START SOURCE DATA

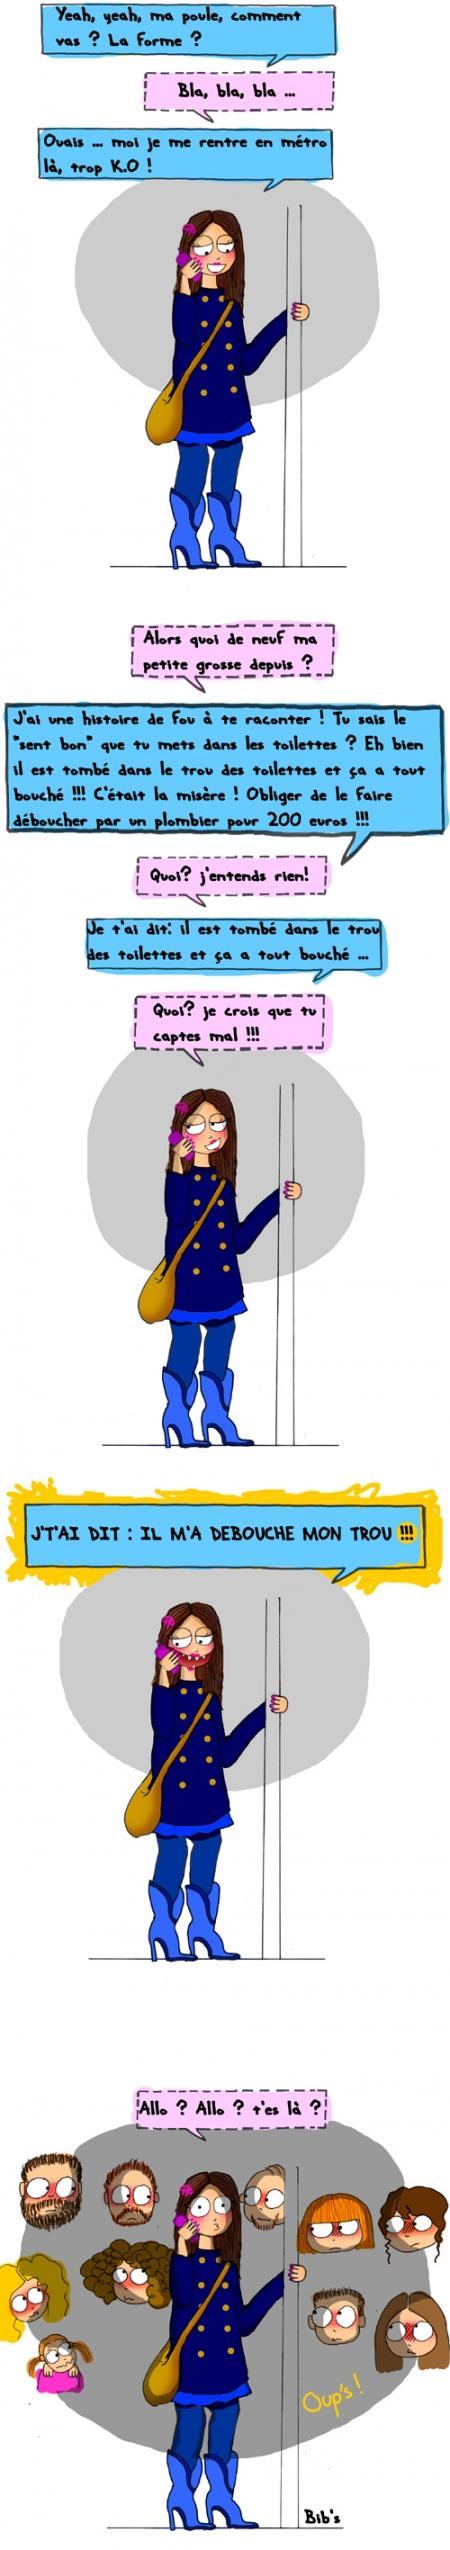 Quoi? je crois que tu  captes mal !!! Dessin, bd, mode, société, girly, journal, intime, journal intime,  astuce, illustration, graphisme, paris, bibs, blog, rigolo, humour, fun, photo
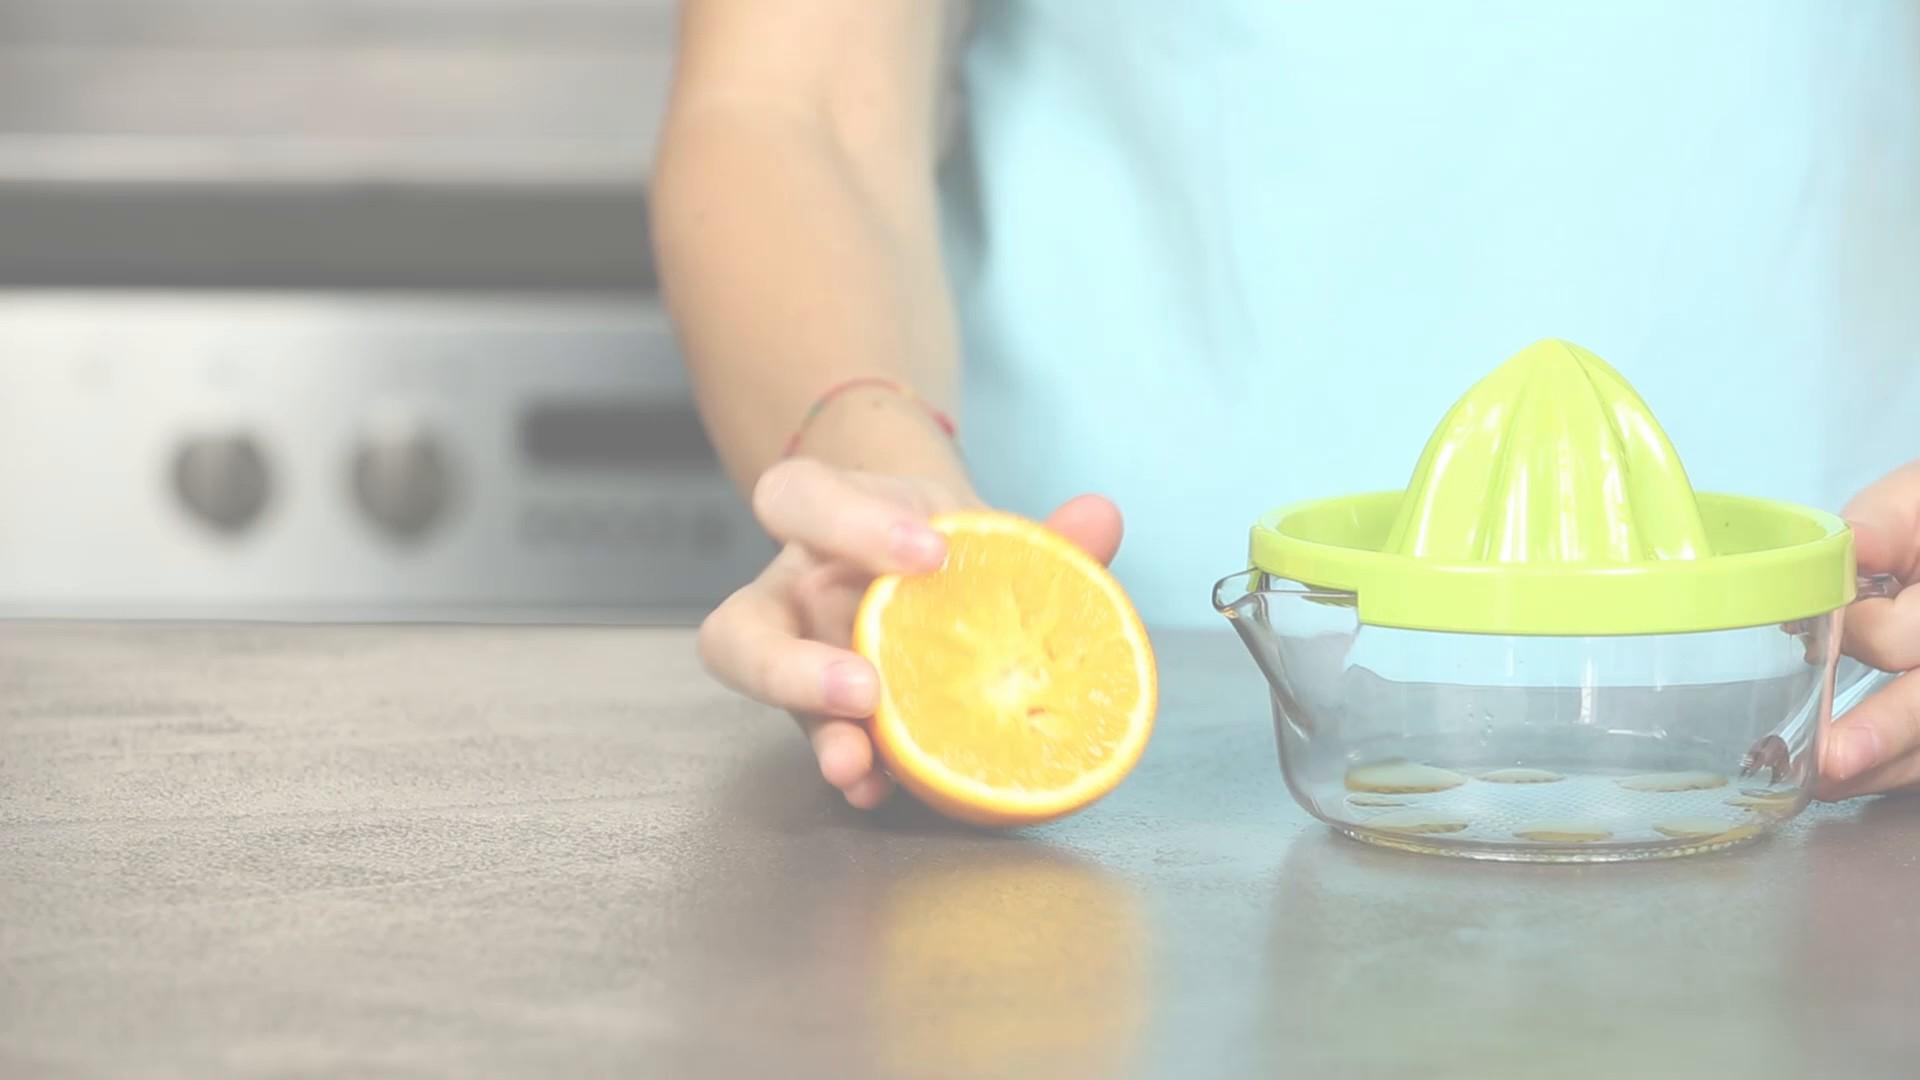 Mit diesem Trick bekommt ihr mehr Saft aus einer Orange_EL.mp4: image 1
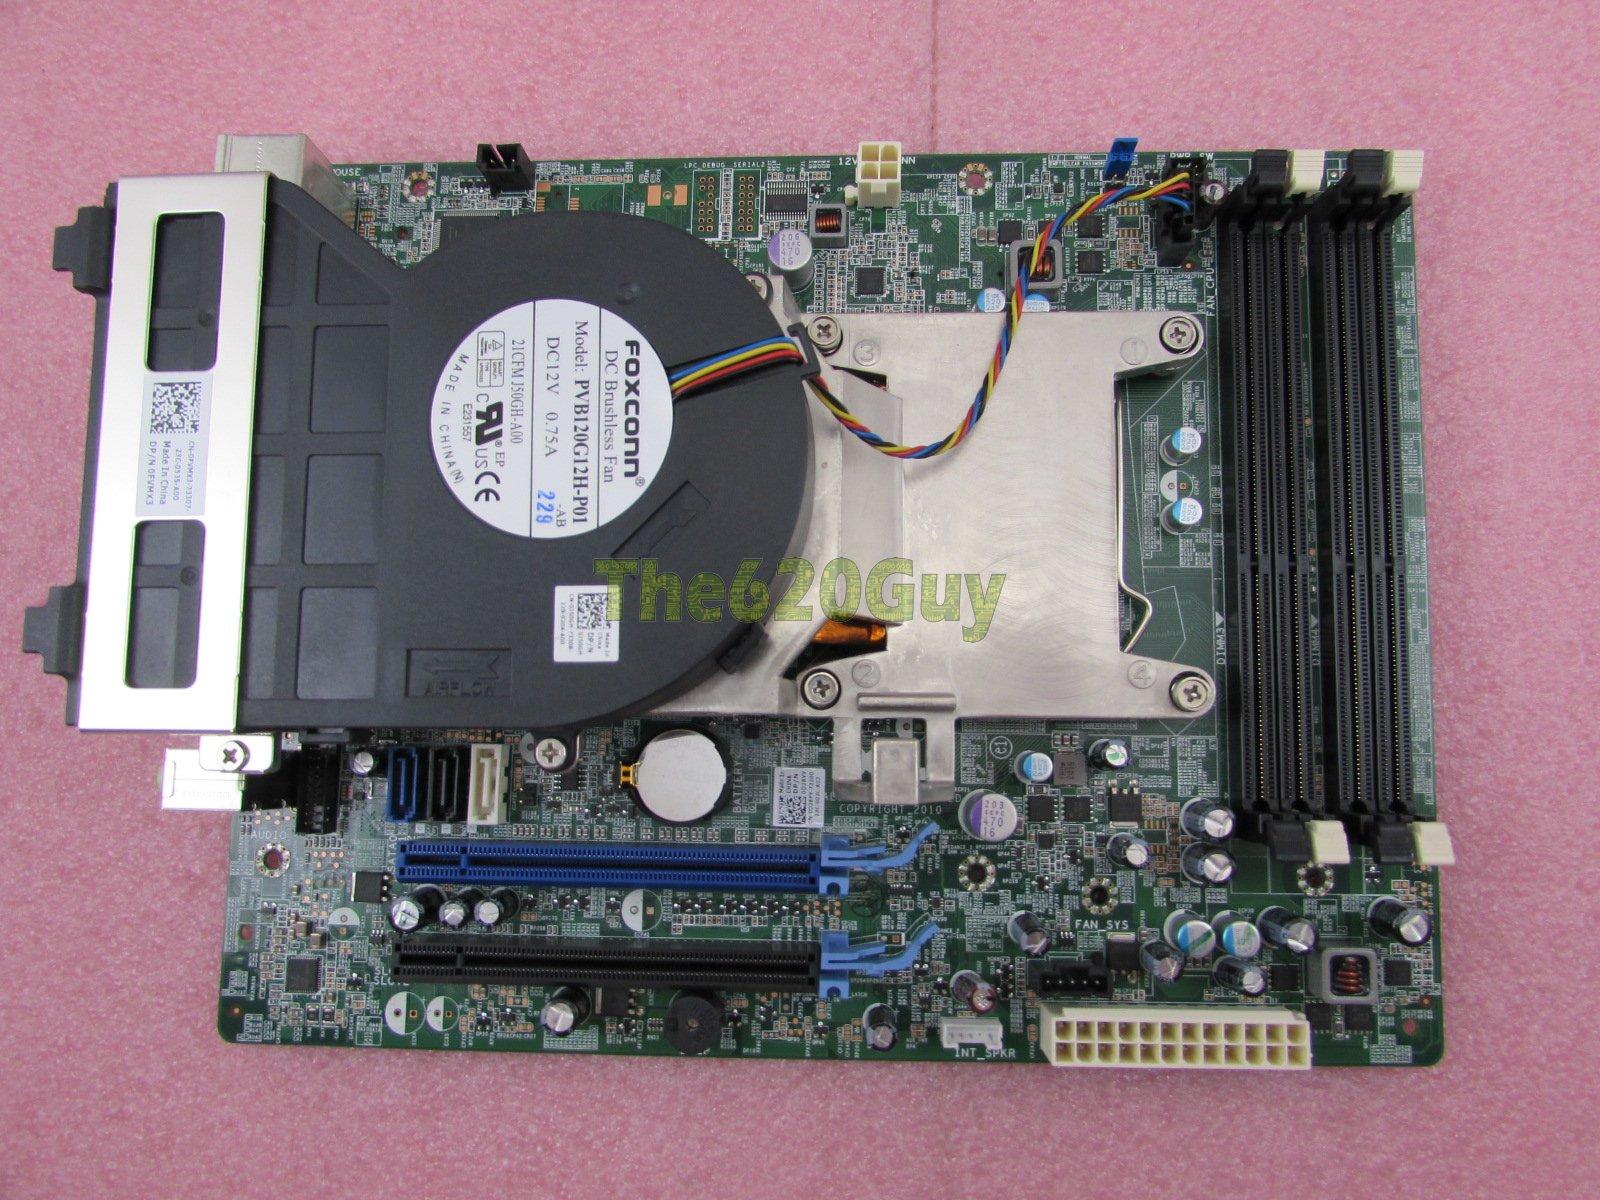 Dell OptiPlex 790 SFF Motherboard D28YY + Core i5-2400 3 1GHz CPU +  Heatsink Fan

END SOURCE DATA

The preceding listing must be repeated exactly, with all images dropped.

[WRITTEN ANSWER]:
 Quoi? je crois que tu  captes mal !!! Dessin, bd, mode, société, girly, journal, intime, journal intime,  astuce, illustration, graphisme, paris, bibs, blog, rigolo, humour, fun, photo
 Mit diesem Trick bekommt ihr mehr Saft aus einer Orange_EL.mp4: image 1
 Dell OptiPlex 790 SFF Motherboard D28YY + Core i5-2400 3 1GHz CPU +  Heatsink Fan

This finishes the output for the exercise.